» **What to work on**
Among the entries below, copy only the span from the line containing "Скрин официального ресурса" through the line containing "Биржа dYdX заблокировала". Do so exactly, and skip the pictures.

» **Extracted data**
+++
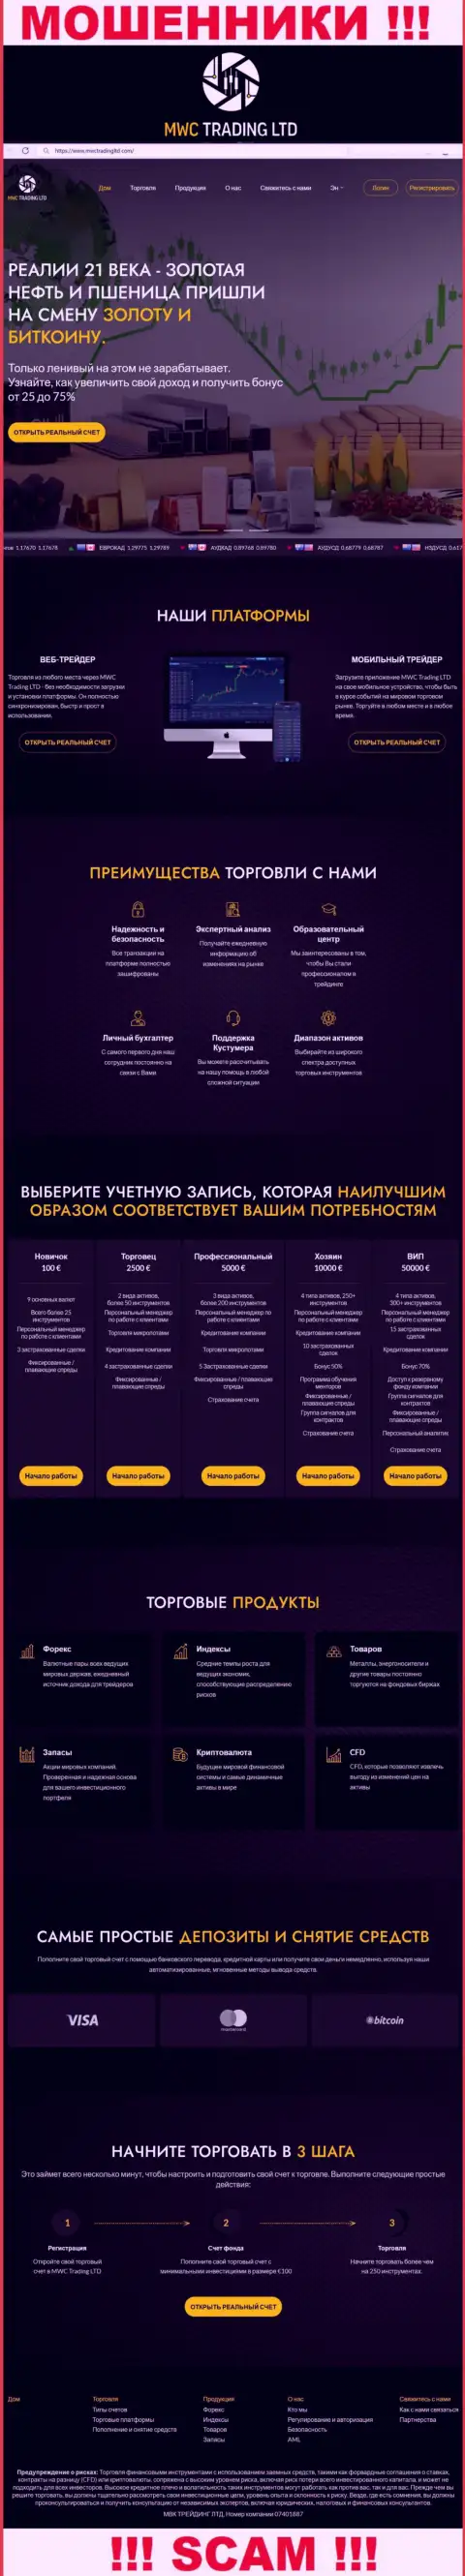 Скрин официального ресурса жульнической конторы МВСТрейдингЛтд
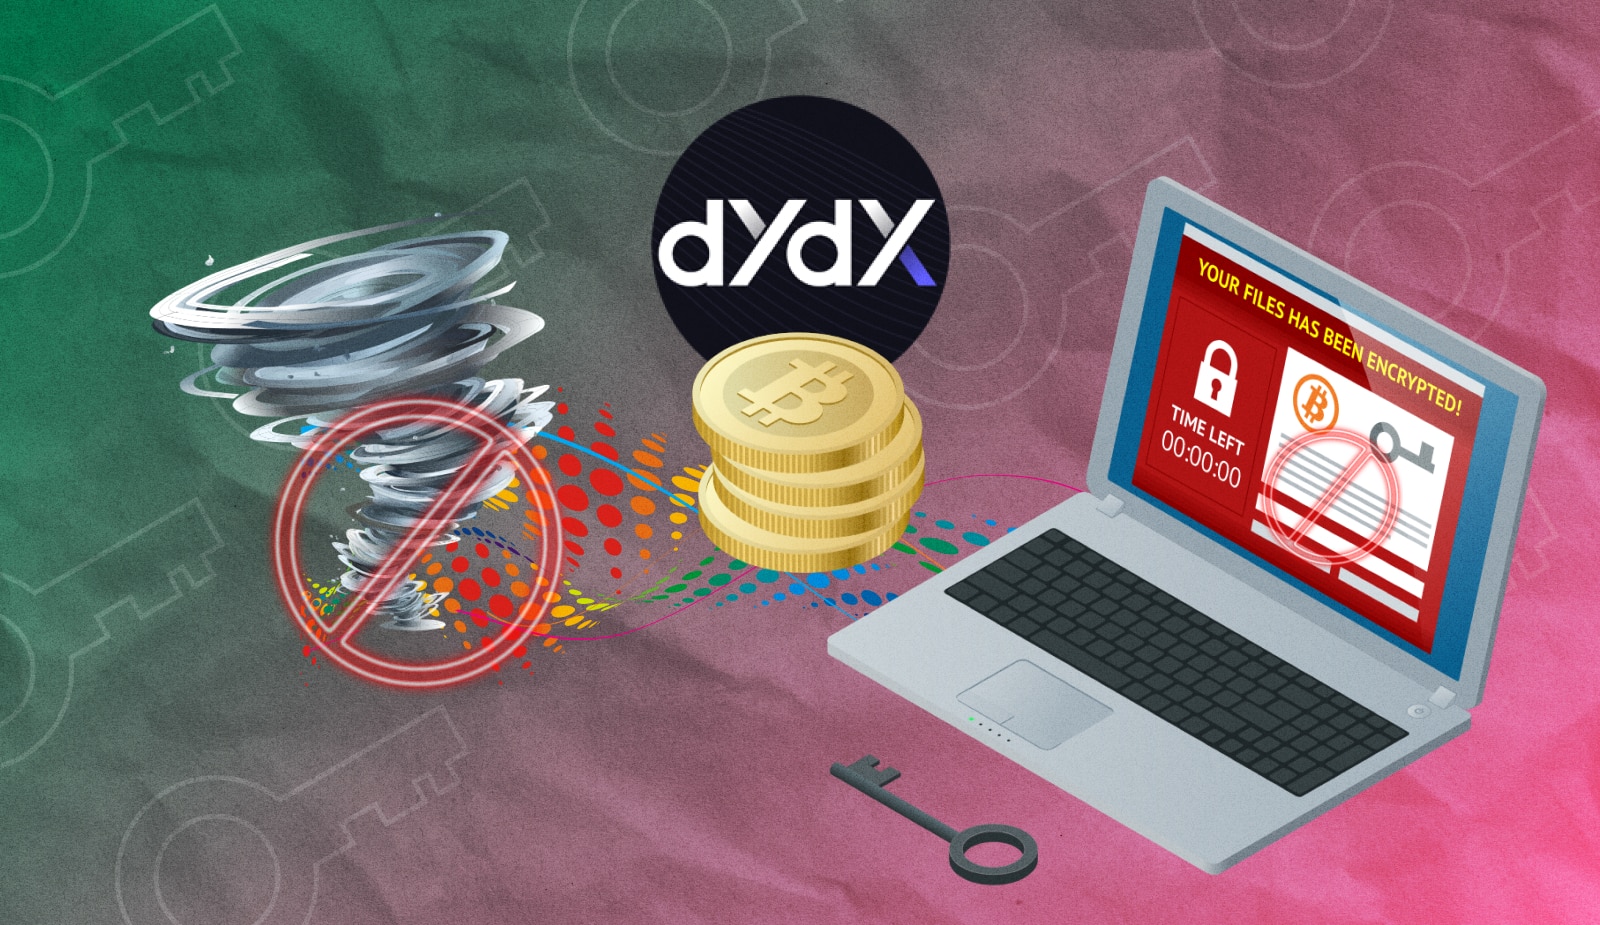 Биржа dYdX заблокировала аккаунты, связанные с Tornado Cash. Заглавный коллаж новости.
+++
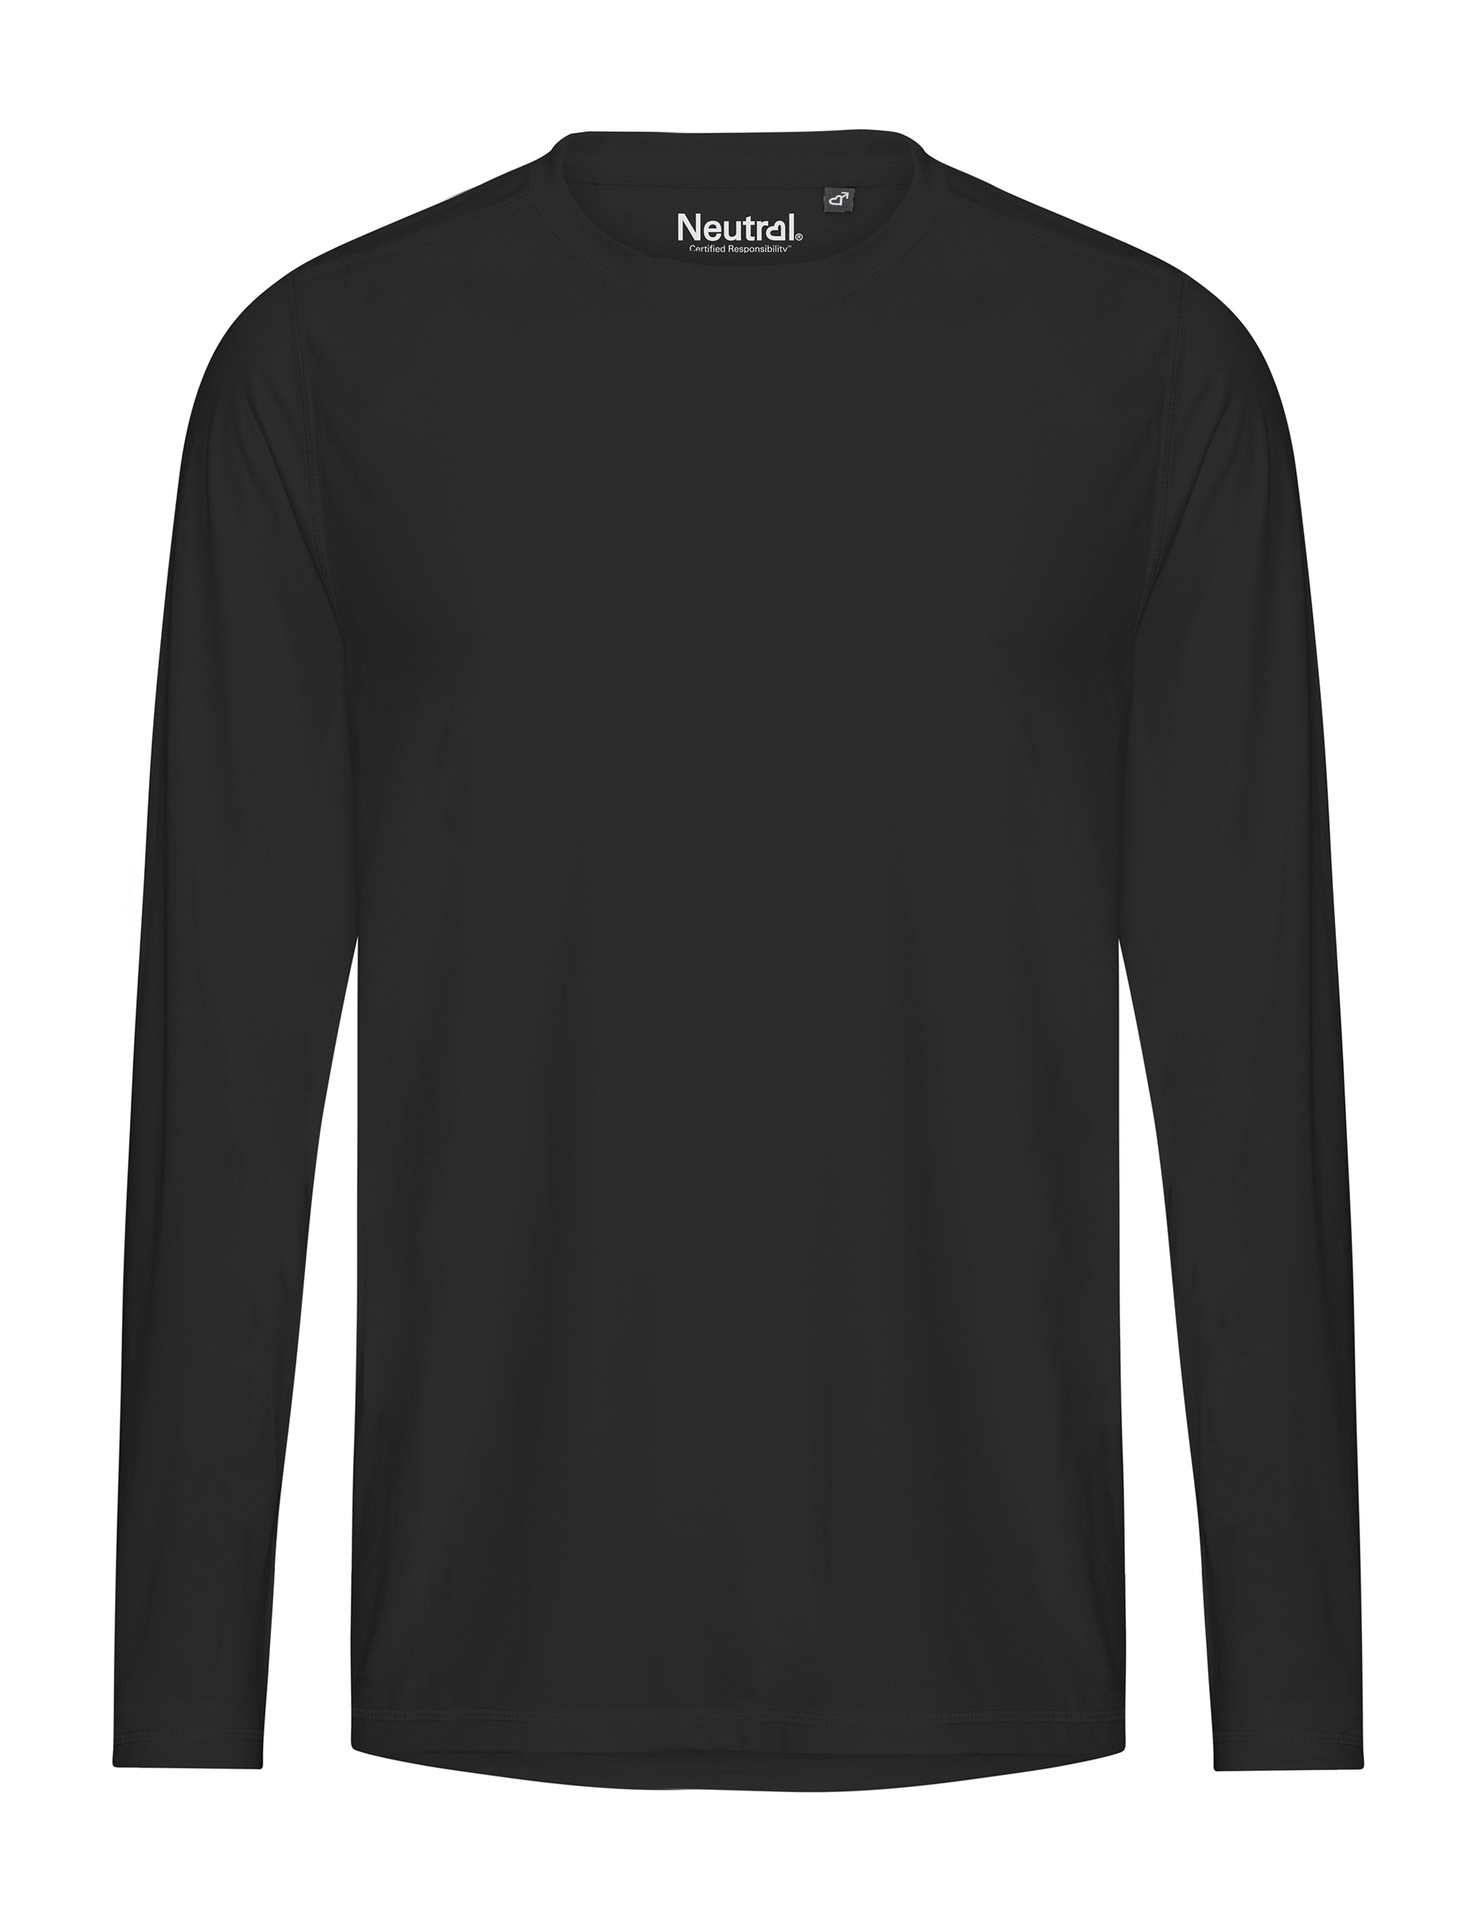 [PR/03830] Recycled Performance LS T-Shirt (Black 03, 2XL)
+++
» **Your response**
 Скрин официального ресурса жульнической конторы МВСТрейдингЛтд
 Биржа dYdX заблокировала аккаунты, связанные с Tornado Cash. Заглавный коллаж новости.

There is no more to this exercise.